Employee Onboarding Done Right
Retention of good employees starts on day one. Make sure you set your new hires up for long-term success with a thorough onboarding program that helps them learn your organization’s mission, culture, and values in their first year on the job.
You’ve made a great hire. You’re looking forward to your new employee bringing new skills and energy to your team, and you’re confident in her potential to contribute to your organization over the long term. But are you ready to set her up for success?
In a 2014 study by BambooHR, a third of respondents reported that they had left a job within the first six months. Reasons included that they had not received clear guidelines about their job responsibilities (23 percent), that they wanted better training (21 percent), and that the employer did not provide effective onboarding (15 percent). About a third said they had almost no onboarding or none at all.
All of which points to the critical importance of onboarding as a final step in the recruitment process and the first step in employee retention. Natasha Rankin, CAE, is a case in point: When Rankin became the first chief operating officer at the American Counseling Association in May 2015, she faced the challenge of pioneering a new position for herself and her organization.
Step one was defining expectations. “What I found incredibly helpful in onboarding was the willingness of everyone … to share what their expectations were of me and how we would work together,” she says. “It really helped me better understand everyone and then create aligned expectations for my role.”
Onboarding differs from training. While training focuses on how-tos such as mastering an organization’s processes or technology tools, onboarding is a structured introduction into organizational culture, relationships, mission, leadership, and values.
Some organizations onboard via stories, including welcome videos that showcase their history, culture, and mission.
While timetables for formal onboarding vary, consensus is six months to a year. In practice, though, many organizations conduct onboarding activities for 30 to 90 days, then expect staffers to learn by doing.

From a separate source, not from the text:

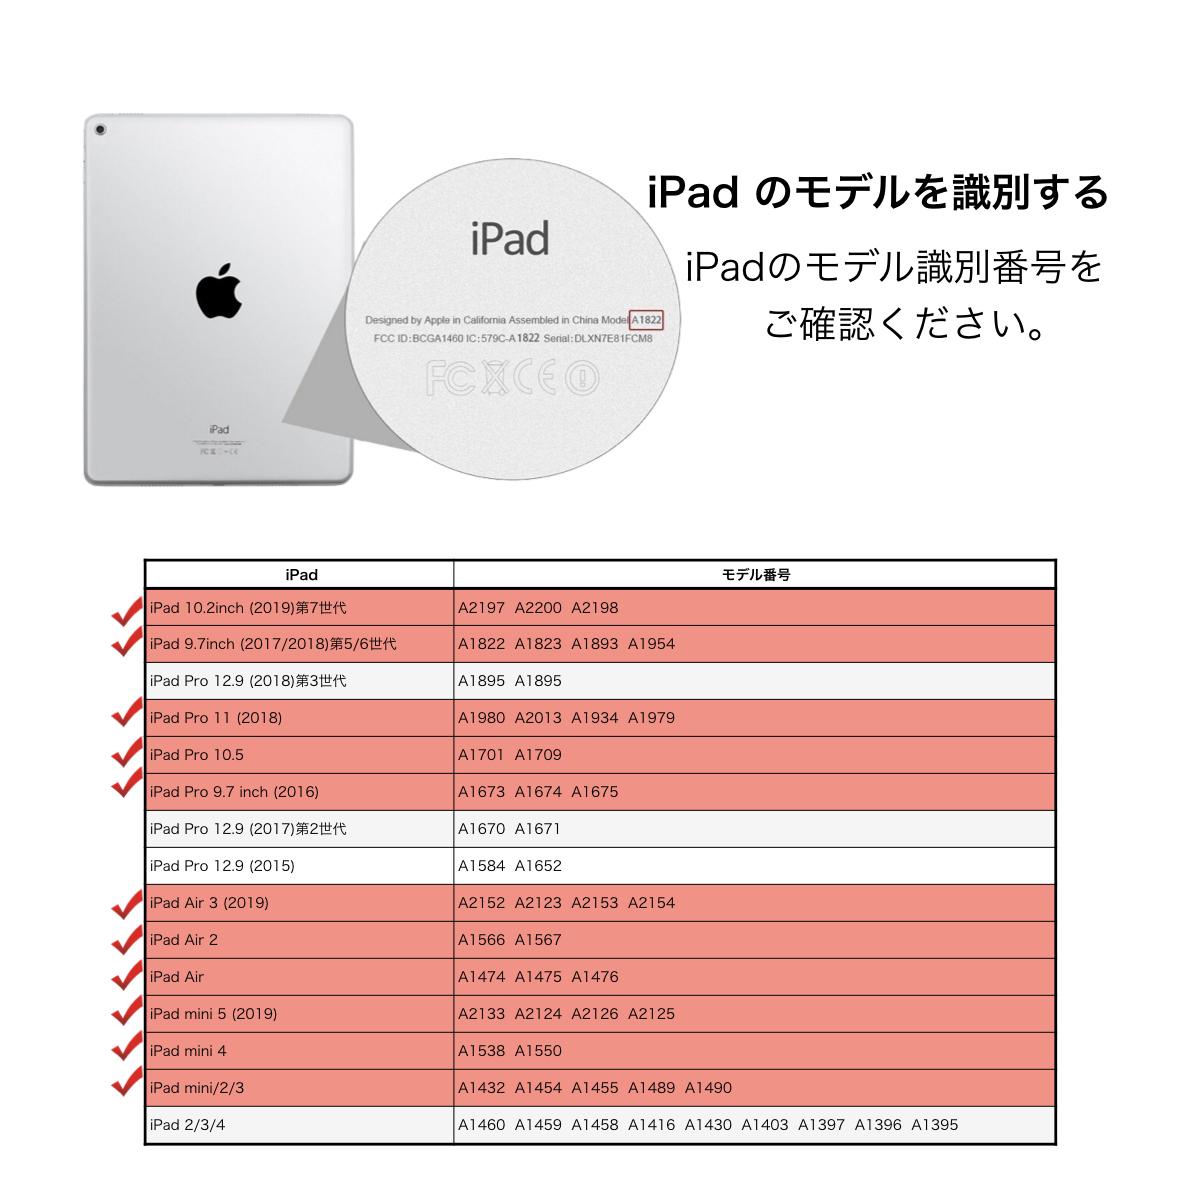 【AppleiPad用】【HUAWEIMediaPad用】360度回転ケース/カバー201910.2第7世代2018/2017iPad9.7iPadPro11/10.5iPadAir2/AiriPadmini4/3/2HUAWEIMediaPadm5ケースM3Lite10WP/dtabd-01KM3Lite10M3Lite8.0インチM38.4インチ/dtabd-01J
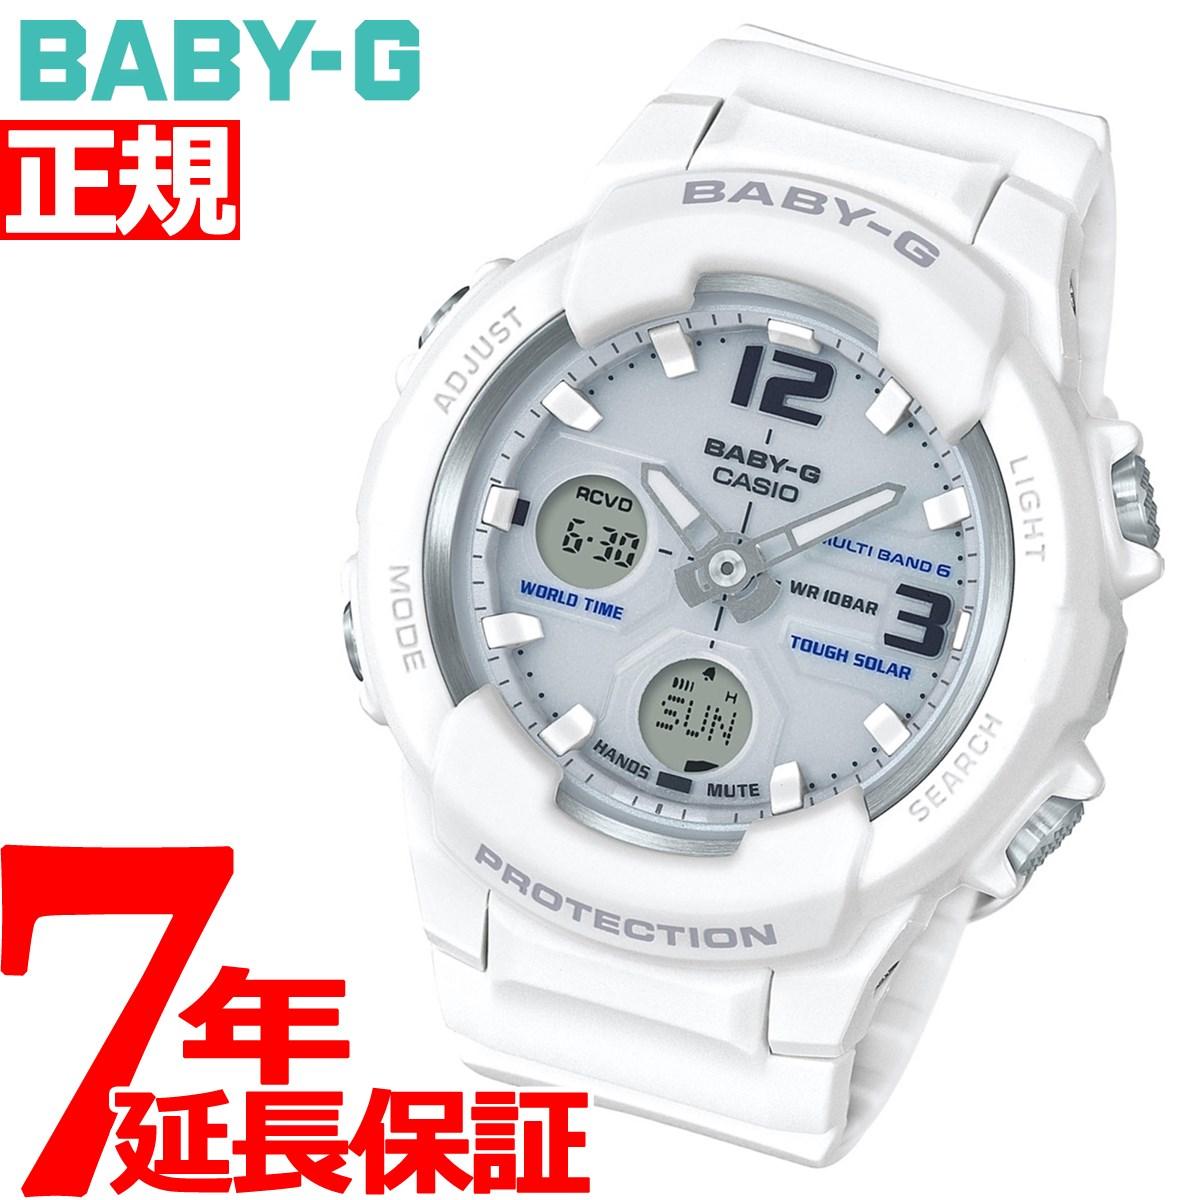 CASIO BABY-G カシオ ベビーG 電波 ソーラー 電波時計 腕時計 レディース ホワイト アナデジ BGA-2300-7BJF

Don’t make that mistake, say hiring professionals.
A study of workplace newcomers published in the Academy of Management Journal concluded that “support of newcomers from coworkers and supervisors declines within the first 90 days of employment” and that this—along with supervisor undermining and inadequate socialization—leads to higher turnover.
“The more complex the organization and connections a person has within that organization, the longer the learning period,” says Rankin.
And that means that good onboarding requires patience. “Many businesses just want to ‘get it over with’ so new hires can increase their time to productivity,” according to the National Association of Colleges and Employers (NACE). “That approach tends to overwhelm employees with a lot of information in a short time. It’s much better to … give hires bite-sized chunks of information over a longer period.”
To that end, the Oregon Society of Certified Public Accountants has two onboarding checklists—one for first-day orientation, another for completion by the manager and employee within 60 days, although the introductory period officially runs 90 days.
“These go into their personnel file, so the supervisor is responsible for making sure they’ve taken time to do this,” says Phyllis Barker, CAE, OSCPA vice president and COO. “It may not be everything in-depth, but it should be covered at least on an introductory level.”
Additional difficulties often cited by employees are an unrealistically short “honeymoon period” followed by a dump of backed-up work, socialization challenges, minimal tolerance for mistakes while learning, and insufficient technology training.
“It’s good to remind everyone during onboarding that now isn’t the time to load up someone’s to-do list with everything that has to get done in the next year,” cautions Rankin.
Onboarding Steps
The elements of a good onboarding program vary, but the most effective ones have many features in common. These steps can help you enhance the process at your organization:
Start with “preboarding.” Prepare a work space with supplies, a password-ready computer, and a phone with user tips. Tape a list of internal acronyms nearby. Schedule first-week lunch appointments. Add the employee’s email to distribution lists.
Buddy up. Fifty-six percent of new hires say an assigned buddy is important to retention, according to BambooHR. In addition to an HR rep and the employee’s supervisor, a buddy “provides a new team member automatically with three people to whom they can turn with a question, which ultimately helps them build connections throughout your organization,” Rankin says.
Customize onboarding formats by position. Annette Homan, chief operating officer at RIMS—the Risk Management Society, says RIMS adjusts its onboarding process based on the worker’s position level and needed network. In addition to binders of past work, Homan shares a portal for paperwork, a picture book of coworkers connected to an organizational chart, and a list of each staffer’s key duties, so people know how they fit into what others do.
Tell your story well. Some organizations onboard via stories, including welcome videos that showcase their history, culture, and mission. Multimedia tools boost employee recall and ensure traditions pass down consistently.
Show your lighter side. Trivia games or “matinee” showings of your YouTube channel communicate information creatively.
“Onboarding is a hugely under-focused management issue,” according to NACE. “However, [it] is directly tied to the organization’s talent, and if you don’t have great staff in place, things fall apart.”